BEGIN

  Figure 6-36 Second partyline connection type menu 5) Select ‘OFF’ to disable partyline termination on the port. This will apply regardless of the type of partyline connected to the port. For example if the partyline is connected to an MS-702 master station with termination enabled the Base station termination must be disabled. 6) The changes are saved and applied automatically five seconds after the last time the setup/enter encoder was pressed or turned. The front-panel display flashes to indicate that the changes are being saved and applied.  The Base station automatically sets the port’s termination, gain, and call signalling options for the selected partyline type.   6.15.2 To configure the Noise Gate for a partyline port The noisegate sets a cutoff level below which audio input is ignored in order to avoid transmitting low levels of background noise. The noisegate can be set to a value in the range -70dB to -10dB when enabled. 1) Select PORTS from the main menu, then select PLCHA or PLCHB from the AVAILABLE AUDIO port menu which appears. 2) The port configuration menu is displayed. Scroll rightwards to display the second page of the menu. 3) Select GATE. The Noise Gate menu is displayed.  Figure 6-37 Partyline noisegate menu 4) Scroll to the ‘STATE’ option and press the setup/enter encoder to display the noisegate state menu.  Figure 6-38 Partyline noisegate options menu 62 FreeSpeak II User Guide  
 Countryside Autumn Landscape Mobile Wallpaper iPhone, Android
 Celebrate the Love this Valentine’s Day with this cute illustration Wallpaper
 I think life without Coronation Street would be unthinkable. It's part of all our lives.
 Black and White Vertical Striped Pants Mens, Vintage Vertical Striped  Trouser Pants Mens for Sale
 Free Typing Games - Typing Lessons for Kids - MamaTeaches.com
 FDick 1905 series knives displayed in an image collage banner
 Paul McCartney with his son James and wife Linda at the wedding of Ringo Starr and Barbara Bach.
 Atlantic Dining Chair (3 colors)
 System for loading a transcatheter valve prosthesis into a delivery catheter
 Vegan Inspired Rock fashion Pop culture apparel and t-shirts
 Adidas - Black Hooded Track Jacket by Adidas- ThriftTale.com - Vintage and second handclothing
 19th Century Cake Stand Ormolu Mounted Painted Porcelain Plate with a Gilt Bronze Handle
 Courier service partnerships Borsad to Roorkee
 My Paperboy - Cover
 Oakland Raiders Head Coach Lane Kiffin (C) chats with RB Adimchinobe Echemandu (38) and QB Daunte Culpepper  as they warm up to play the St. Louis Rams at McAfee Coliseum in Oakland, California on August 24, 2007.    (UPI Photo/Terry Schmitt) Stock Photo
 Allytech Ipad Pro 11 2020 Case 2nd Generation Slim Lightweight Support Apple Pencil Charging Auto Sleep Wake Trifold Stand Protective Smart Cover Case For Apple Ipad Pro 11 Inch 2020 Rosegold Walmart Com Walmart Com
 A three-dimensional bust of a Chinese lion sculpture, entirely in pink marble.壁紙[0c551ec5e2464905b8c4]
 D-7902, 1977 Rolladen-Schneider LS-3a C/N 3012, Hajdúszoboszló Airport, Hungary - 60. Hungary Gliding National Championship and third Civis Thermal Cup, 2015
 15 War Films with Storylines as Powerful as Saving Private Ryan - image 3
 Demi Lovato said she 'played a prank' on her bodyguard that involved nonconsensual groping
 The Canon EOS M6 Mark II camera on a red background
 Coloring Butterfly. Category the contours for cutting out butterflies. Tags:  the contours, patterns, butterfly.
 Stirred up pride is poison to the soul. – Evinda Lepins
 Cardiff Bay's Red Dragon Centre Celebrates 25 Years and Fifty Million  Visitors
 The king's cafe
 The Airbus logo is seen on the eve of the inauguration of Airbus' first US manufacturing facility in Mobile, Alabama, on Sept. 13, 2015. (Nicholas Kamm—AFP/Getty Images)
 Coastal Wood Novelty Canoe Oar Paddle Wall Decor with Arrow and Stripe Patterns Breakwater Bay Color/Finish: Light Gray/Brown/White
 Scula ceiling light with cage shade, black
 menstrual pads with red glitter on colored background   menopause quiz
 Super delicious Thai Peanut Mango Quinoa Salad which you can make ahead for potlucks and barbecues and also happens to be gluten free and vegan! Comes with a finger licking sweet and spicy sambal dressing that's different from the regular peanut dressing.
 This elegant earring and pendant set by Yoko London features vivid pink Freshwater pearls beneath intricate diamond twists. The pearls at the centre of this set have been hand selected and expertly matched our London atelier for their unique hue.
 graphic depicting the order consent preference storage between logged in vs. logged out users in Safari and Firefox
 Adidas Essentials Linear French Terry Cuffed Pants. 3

END

> [WHAT TO DO]
An exact copy of the data, with every line intact, is the required answer.

> [EXERCISE RESULT]
  Figure 6-36 Second partyline connection type menu 5) Select ‘OFF’ to disable partyline termination on the port. This will apply regardless of the type of partyline connected to the port. For example if the partyline is connected to an MS-702 master station with termination enabled the Base station termination must be disabled. 6) The changes are saved and applied automatically five seconds after the last time the setup/enter encoder was pressed or turned. The front-panel display flashes to indicate that the changes are being saved and applied.  The Base station automatically sets the port’s termination, gain, and call signalling options for the selected partyline type.   6.15.2 To configure the Noise Gate for a partyline port The noisegate sets a cutoff level below which audio input is ignored in order to avoid transmitting low levels of background noise. The noisegate can be set to a value in the range -70dB to -10dB when enabled. 1) Select PORTS from the main menu, then select PLCHA or PLCHB from the AVAILABLE AUDIO port menu which appears. 2) The port configuration menu is displayed. Scroll rightwards to display the second page of the menu. 3) Select GATE. The Noise Gate menu is displayed.  Figure 6-37 Partyline noisegate menu 4) Scroll to the ‘STATE’ option and press the setup/enter encoder to display the noisegate state menu.  Figure 6-38 Partyline noisegate options menu 62 FreeSpeak II User Guide  
 Countryside Autumn Landscape Mobile Wallpaper iPhone, Android
 Celebrate the Love this Valentine’s Day with this cute illustration Wallpaper
 I think life without Coronation Street would be unthinkable. It's part of all our lives.
 Black and White Vertical Striped Pants Mens, Vintage Vertical Striped  Trouser Pants Mens for Sale
 Free Typing Games - Typing Lessons for Kids - MamaTeaches.com
 FDick 1905 series knives displayed in an image collage banner
 Paul McCartney with his son James and wife Linda at the wedding of Ringo Starr and Barbara Bach.
 Atlantic Dining Chair (3 colors)
 System for loading a transcatheter valve prosthesis into a delivery catheter
 Vegan Inspired Rock fashion Pop culture apparel and t-shirts
 Adidas - Black Hooded Track Jacket by Adidas- ThriftTale.com - Vintage and second handclothing
 19th Century Cake Stand Ormolu Mounted Painted Porcelain Plate with a Gilt Bronze Handle
 Courier service partnerships Borsad to Roorkee
 My Paperboy - Cover
 Oakland Raiders Head Coach Lane Kiffin (C) chats with RB Adimchinobe Echemandu (38) and QB Daunte Culpepper  as they warm up to play the St. Louis Rams at McAfee Coliseum in Oakland, California on August 24, 2007.    (UPI Photo/Terry Schmitt) Stock Photo
 Allytech Ipad Pro 11 2020 Case 2nd Generation Slim Lightweight Support Apple Pencil Charging Auto Sleep Wake Trifold Stand Protective Smart Cover Case For Apple Ipad Pro 11 Inch 2020 Rosegold Walmart Com Walmart Com
 A three-dimensional bust of a Chinese lion sculpture, entirely in pink marble.壁紙[0c551ec5e2464905b8c4]
 D-7902, 1977 Rolladen-Schneider LS-3a C/N 3012, Hajdúszoboszló Airport, Hungary - 60. Hungary Gliding National Championship and third Civis Thermal Cup, 2015
 15 War Films with Storylines as Powerful as Saving Private Ryan - image 3
 Demi Lovato said she 'played a prank' on her bodyguard that involved nonconsensual groping
 The Canon EOS M6 Mark II camera on a red background
 Coloring Butterfly. Category the contours for cutting out butterflies. Tags:  the contours, patterns, butterfly.
 Stirred up pride is poison to the soul. – Evinda Lepins
 Cardiff Bay's Red Dragon Centre Celebrates 25 Years and Fifty Million  Visitors
 The king's cafe
 The Airbus logo is seen on the eve of the inauguration of Airbus' first US manufacturing facility in Mobile, Alabama, on Sept. 13, 2015. (Nicholas Kamm—AFP/Getty Images)
 Coastal Wood Novelty Canoe Oar Paddle Wall Decor with Arrow and Stripe Patterns Breakwater Bay Color/Finish: Light Gray/Brown/White
 Scula ceiling light with cage shade, black
 menstrual pads with red glitter on colored background   menopause quiz
 Super delicious Thai Peanut Mango Quinoa Salad which you can make ahead for potlucks and barbecues and also happens to be gluten free and vegan! Comes with a finger licking sweet and spicy sambal dressing that's different from the regular peanut dressing.
 This elegant earring and pendant set by Yoko London features vivid pink Freshwater pearls beneath intricate diamond twists. The pearls at the centre of this set have been hand selected and expertly matched our London atelier for their unique hue.
 graphic depicting the order consent preference storage between logged in vs. logged out users in Safari and Firefox
 Adidas Essentials Linear French Terry Cuffed Pants. 3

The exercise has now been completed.